GIVEN MATERIAL START

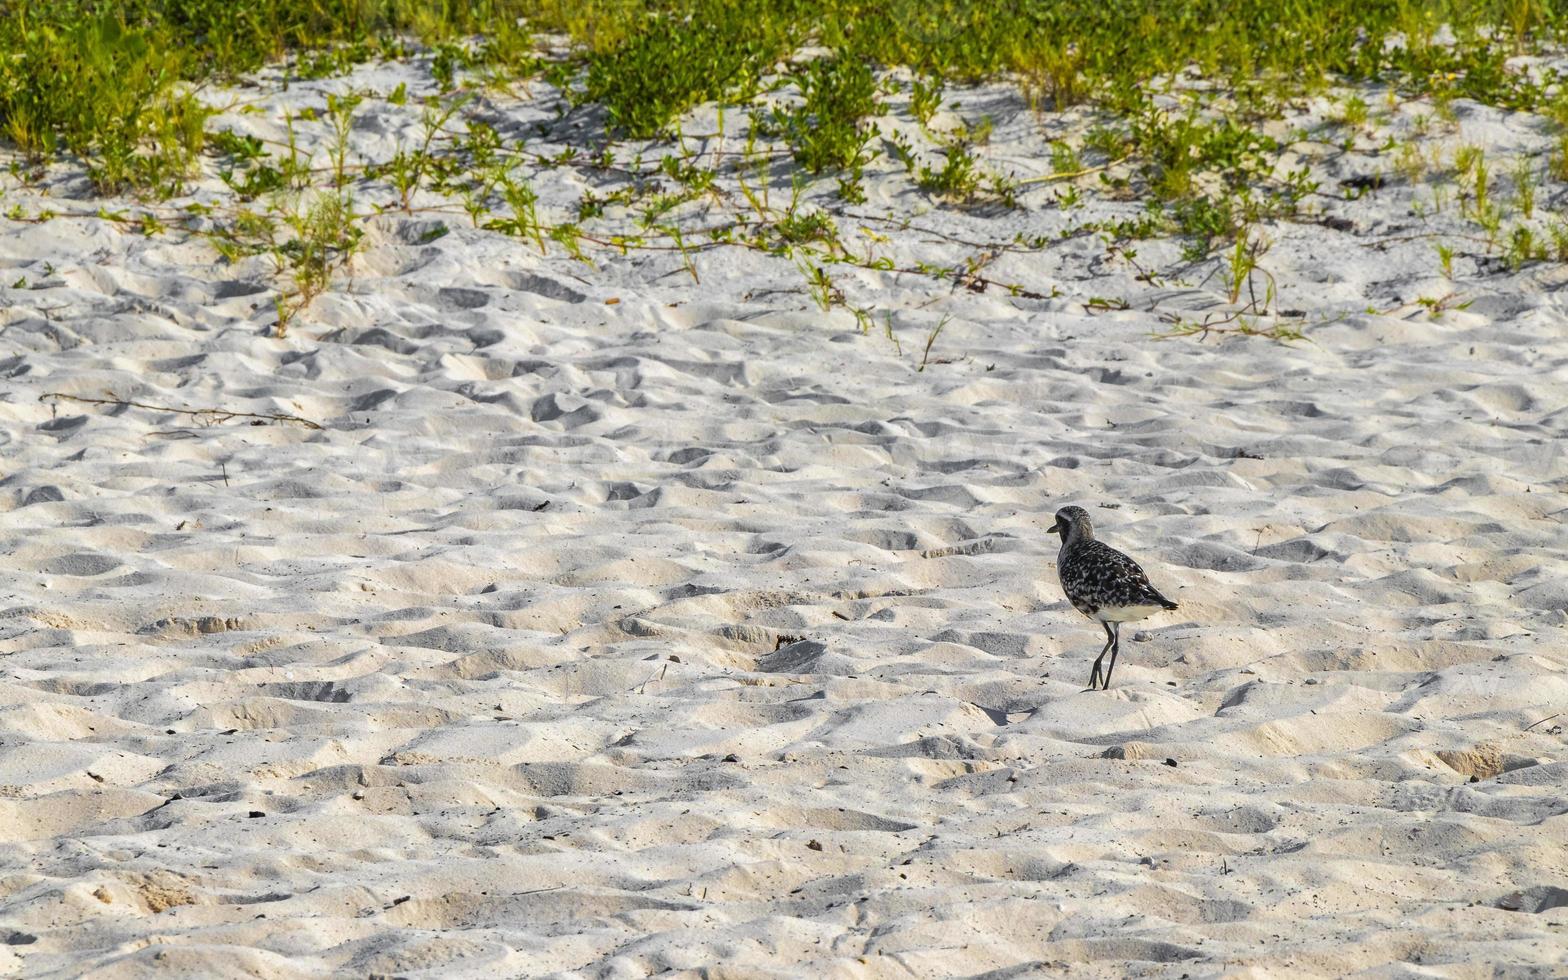 strandloper watersnip strandlopers vogel vogelstand aan het eten sargazo Aan strand Mexico. foto
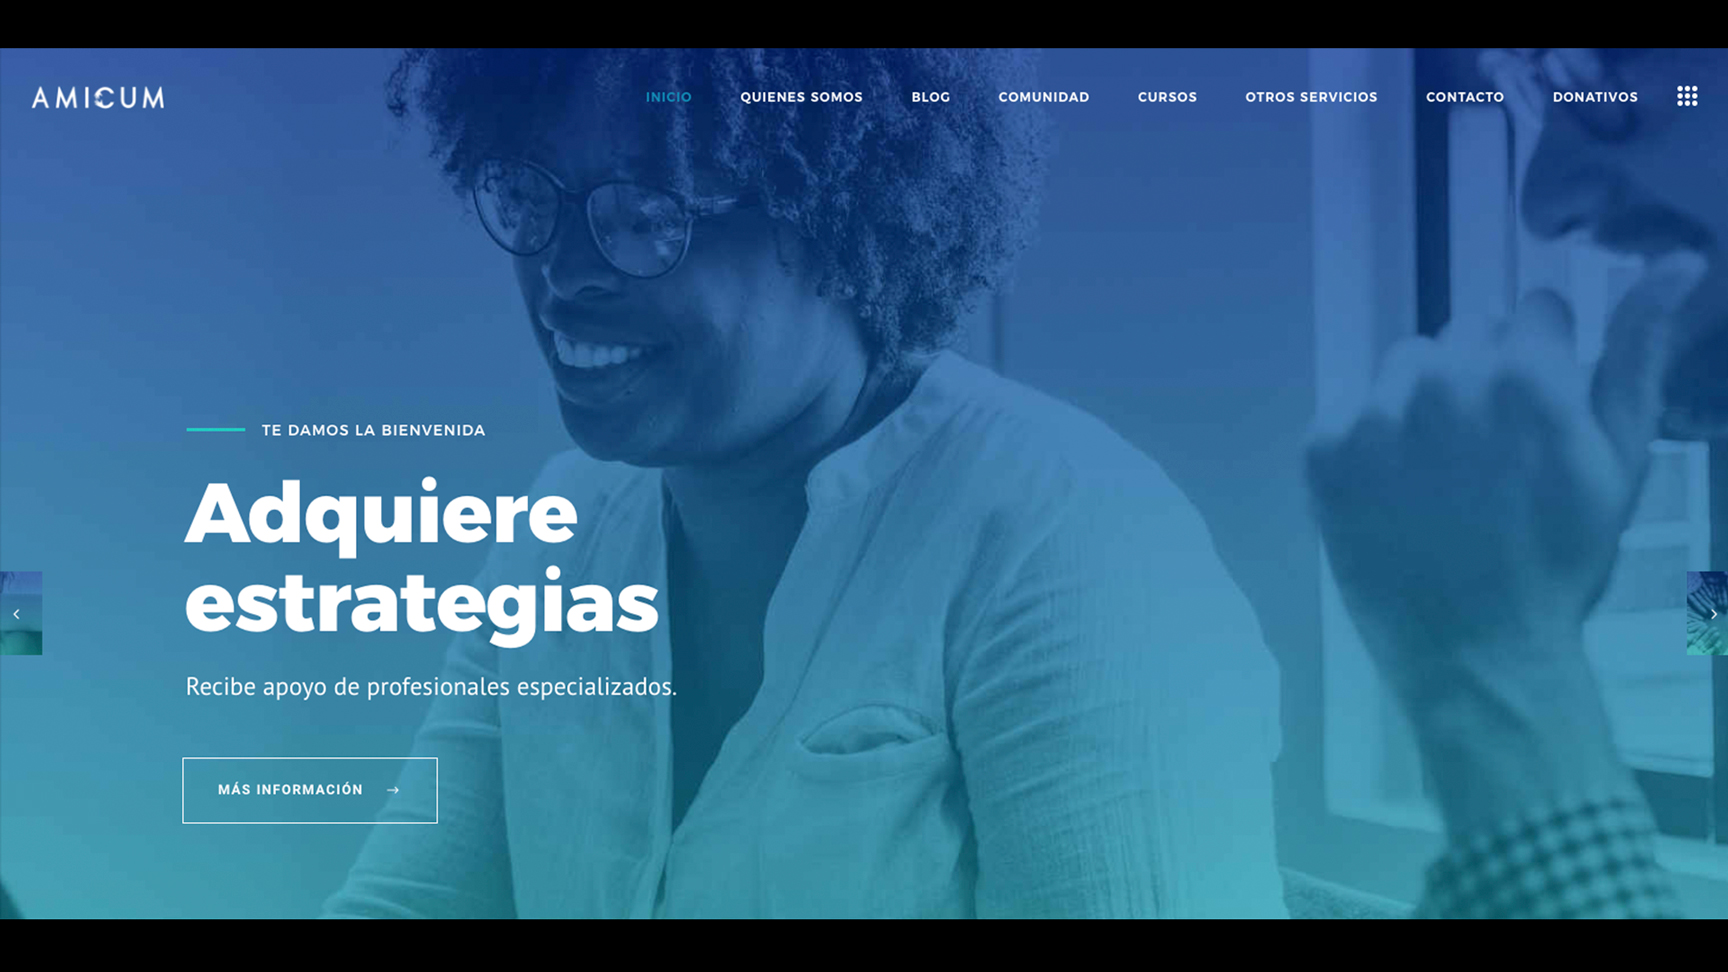 Universidad de Montemorelos inaugura centro de influencia online orientado al bienestar integral 
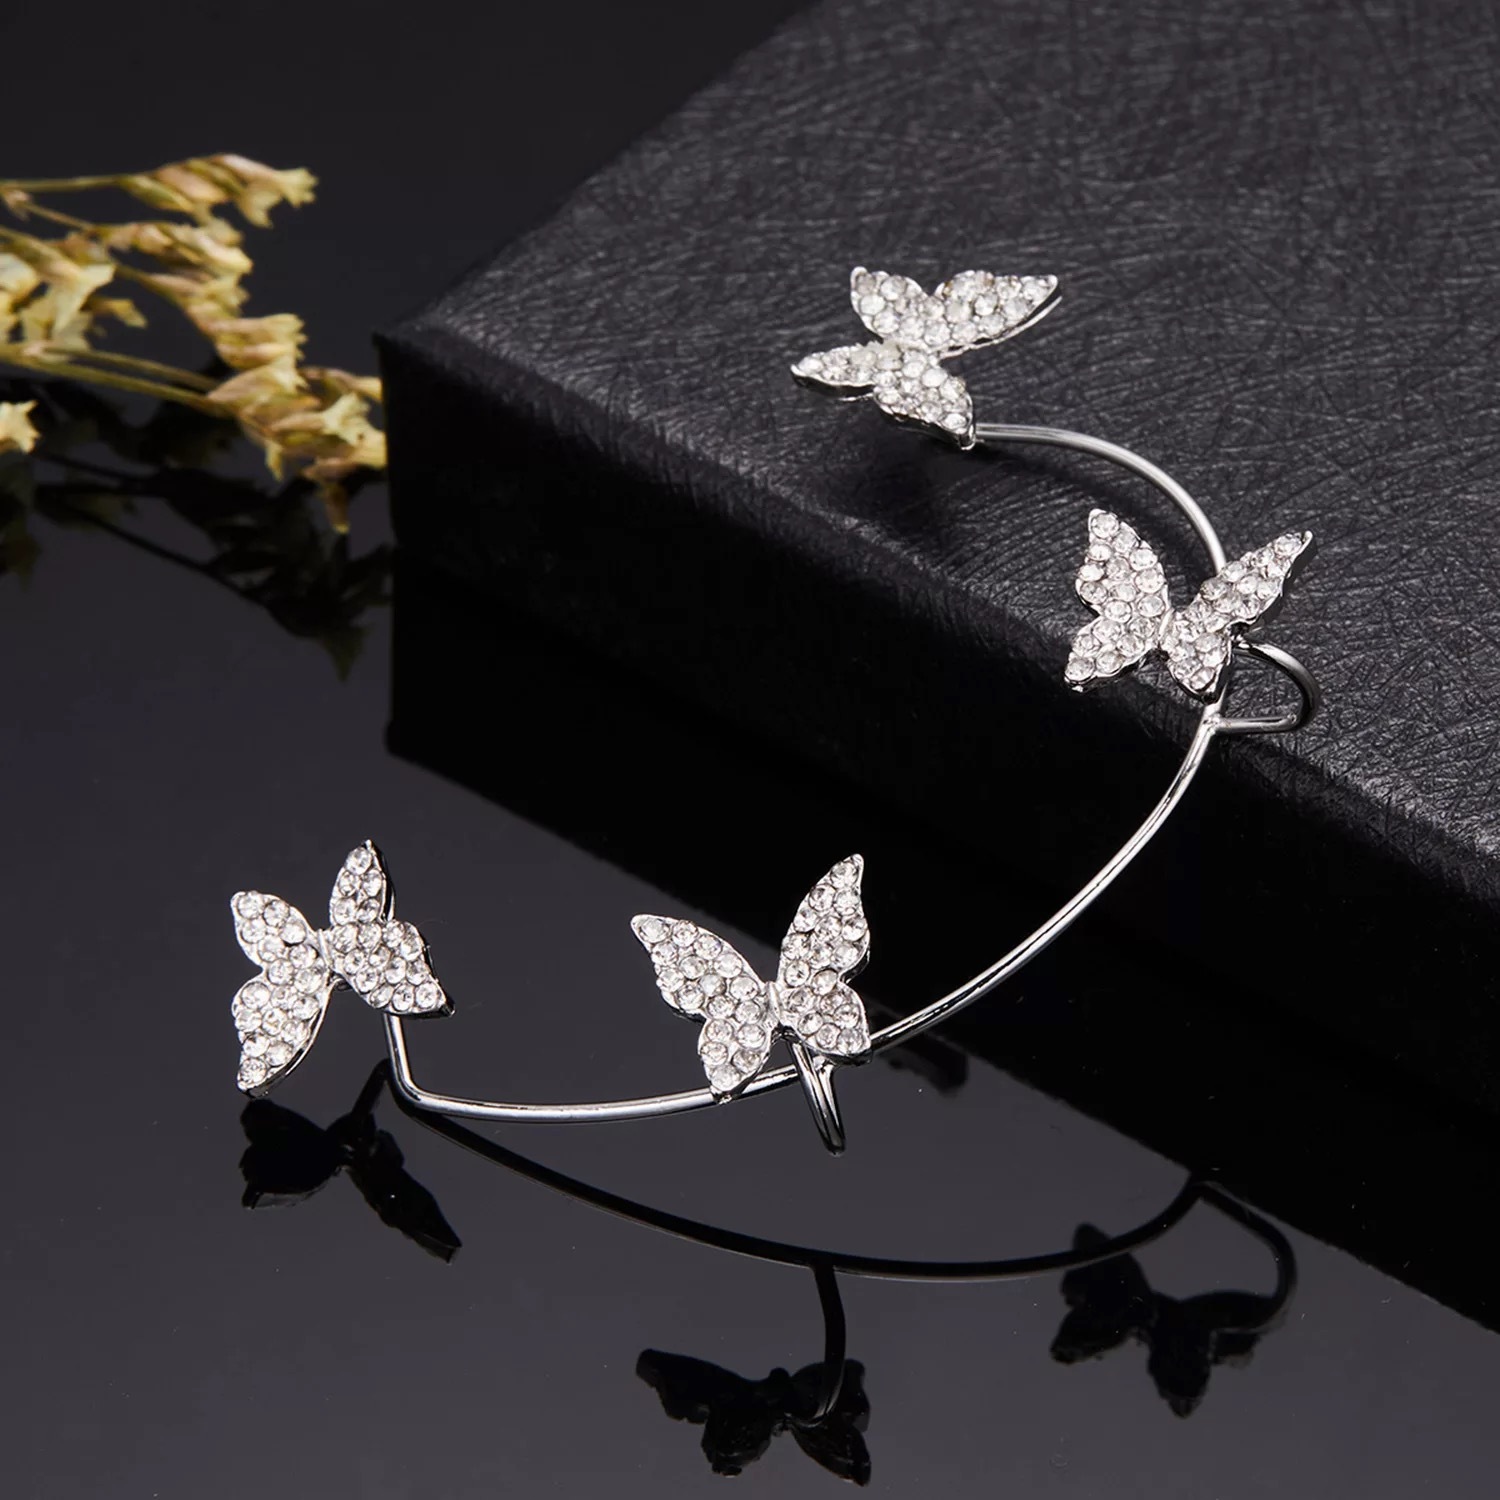 Korean Silver-plated No Piercing Zircon Butterfly Wrap Crawler Ear Cuff Earrings 2Pcs/Set
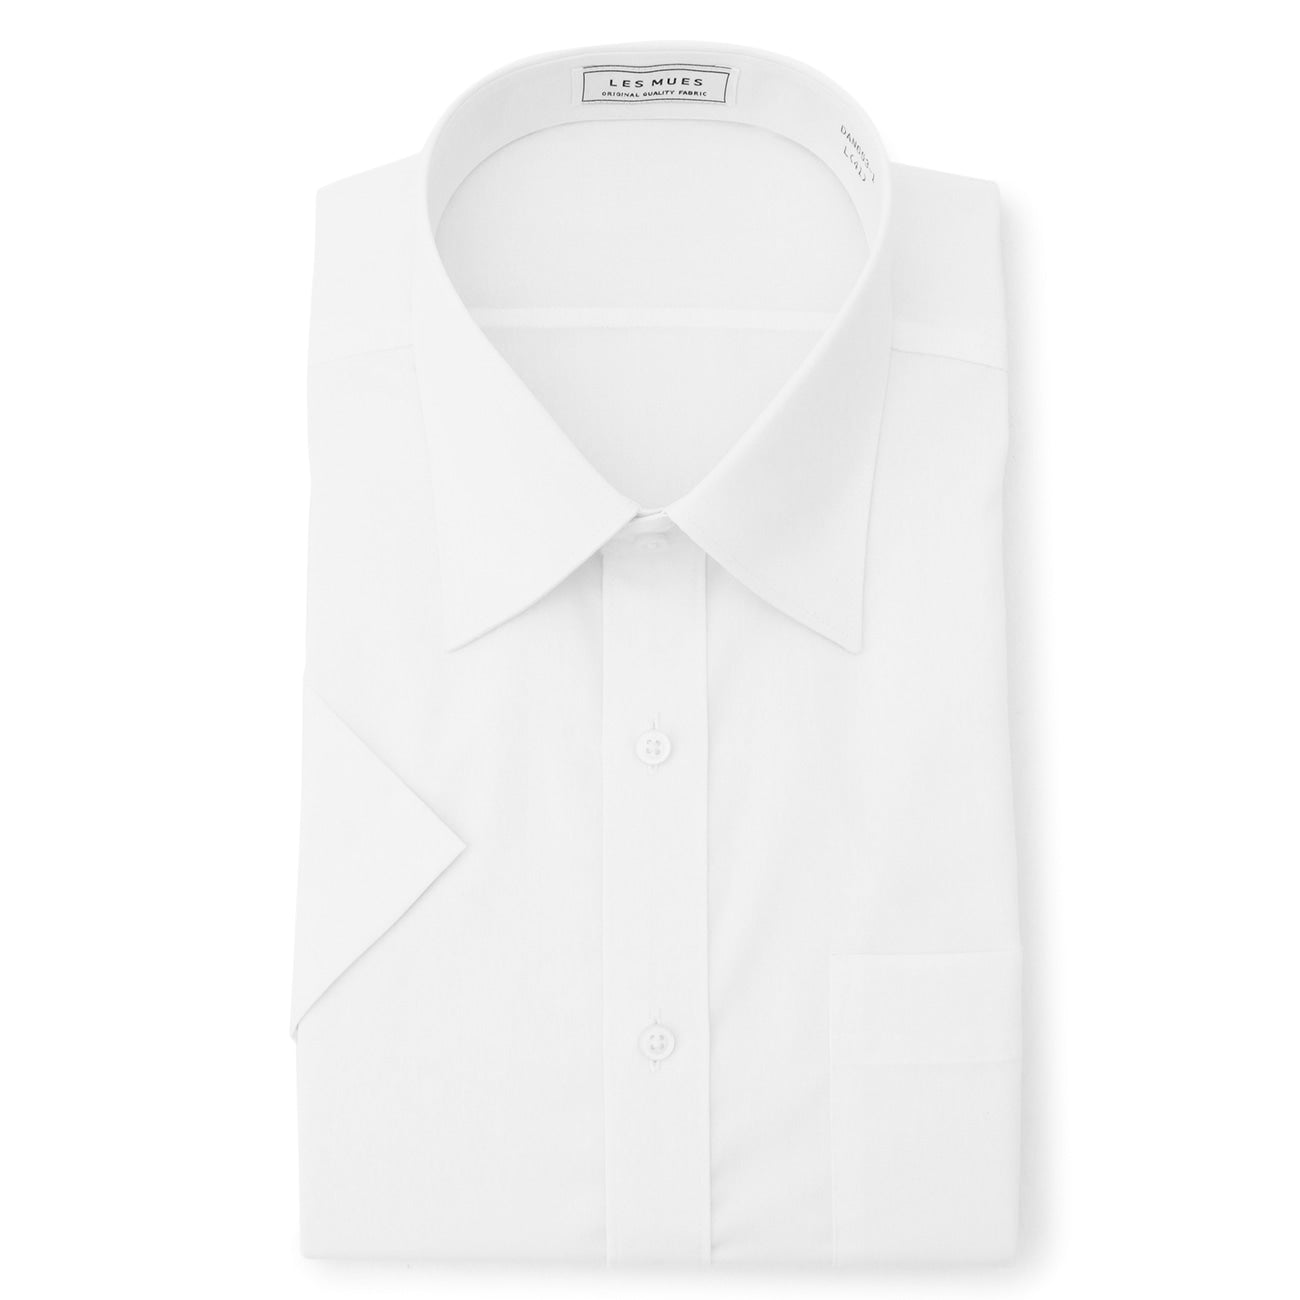 Aircool 免烫标准领短袖衬衫

GIVEN MATERIAL END

# THE PROBLEM
Write out all of the data above exactly, without any of its pictures.

# SOLUTION
 strandloper watersnip strandlopers vogel vogelstand aan het eten sargazo Aan strand Mexico. foto
 Universidad de Montemorelos inaugura centro de influencia online orientado al bienestar integral 
 Korean Silver-plated No Piercing Zircon Butterfly Wrap Crawler Ear Cuff Earrings 2Pcs/Set
 Aircool 免烫标准领短袖衬衫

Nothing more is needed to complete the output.